▸ TASK ITEM: Give again, word for word, every line below from the one that has "Leather Cigarette Case With Silver Fittings." through the one that has "A fine leather", both included, and no others.
[Start of section]
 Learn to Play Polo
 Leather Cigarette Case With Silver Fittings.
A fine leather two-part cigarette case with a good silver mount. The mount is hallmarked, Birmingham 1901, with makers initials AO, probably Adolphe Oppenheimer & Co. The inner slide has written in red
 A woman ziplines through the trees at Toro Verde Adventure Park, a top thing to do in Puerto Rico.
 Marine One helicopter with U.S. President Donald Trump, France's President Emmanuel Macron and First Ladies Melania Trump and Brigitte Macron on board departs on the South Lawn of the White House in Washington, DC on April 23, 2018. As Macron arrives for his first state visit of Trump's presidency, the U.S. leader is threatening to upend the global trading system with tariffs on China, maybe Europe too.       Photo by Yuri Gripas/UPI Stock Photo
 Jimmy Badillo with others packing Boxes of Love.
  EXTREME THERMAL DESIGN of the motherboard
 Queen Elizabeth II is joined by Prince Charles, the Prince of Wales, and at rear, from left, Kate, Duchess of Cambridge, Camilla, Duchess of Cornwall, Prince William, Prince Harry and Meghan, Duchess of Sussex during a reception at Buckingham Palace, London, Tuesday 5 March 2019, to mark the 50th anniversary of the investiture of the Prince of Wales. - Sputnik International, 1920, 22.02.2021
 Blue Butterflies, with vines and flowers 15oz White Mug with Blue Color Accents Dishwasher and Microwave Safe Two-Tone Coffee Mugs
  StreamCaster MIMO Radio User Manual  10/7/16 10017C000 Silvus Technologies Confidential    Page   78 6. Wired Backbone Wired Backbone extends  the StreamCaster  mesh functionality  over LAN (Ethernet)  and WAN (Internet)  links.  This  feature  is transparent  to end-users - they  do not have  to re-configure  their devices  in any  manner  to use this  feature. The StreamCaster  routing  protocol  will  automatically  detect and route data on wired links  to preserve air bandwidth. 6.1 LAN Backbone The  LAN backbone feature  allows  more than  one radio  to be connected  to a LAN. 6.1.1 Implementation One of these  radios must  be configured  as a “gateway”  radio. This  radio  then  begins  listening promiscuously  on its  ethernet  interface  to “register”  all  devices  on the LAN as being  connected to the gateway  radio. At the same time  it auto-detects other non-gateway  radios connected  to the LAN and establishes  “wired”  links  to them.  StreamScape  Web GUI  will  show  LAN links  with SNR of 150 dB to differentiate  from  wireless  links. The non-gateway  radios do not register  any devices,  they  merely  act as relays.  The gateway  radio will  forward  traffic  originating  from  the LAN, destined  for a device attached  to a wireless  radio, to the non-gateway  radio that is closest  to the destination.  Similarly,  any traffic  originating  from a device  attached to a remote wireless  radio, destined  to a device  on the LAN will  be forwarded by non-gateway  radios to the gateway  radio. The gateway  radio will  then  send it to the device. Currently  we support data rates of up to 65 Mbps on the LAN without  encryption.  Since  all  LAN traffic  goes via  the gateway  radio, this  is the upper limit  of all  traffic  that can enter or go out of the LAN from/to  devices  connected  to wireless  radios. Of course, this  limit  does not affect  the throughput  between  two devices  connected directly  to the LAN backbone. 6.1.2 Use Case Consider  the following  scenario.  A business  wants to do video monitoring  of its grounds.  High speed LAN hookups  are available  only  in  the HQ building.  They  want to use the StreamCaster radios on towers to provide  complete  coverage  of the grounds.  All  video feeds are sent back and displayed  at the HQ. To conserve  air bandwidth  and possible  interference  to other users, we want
[End of section]
▸ TASK RESPONSE:
 Leather Cigarette Case With Silver Fittings.
A fine leather two-part cigarette case with a good silver mount. The mount is hallmarked, Birmingham 1901, with makers initials AO, probably Adolphe Oppenheimer & Co. The inner slide has written in red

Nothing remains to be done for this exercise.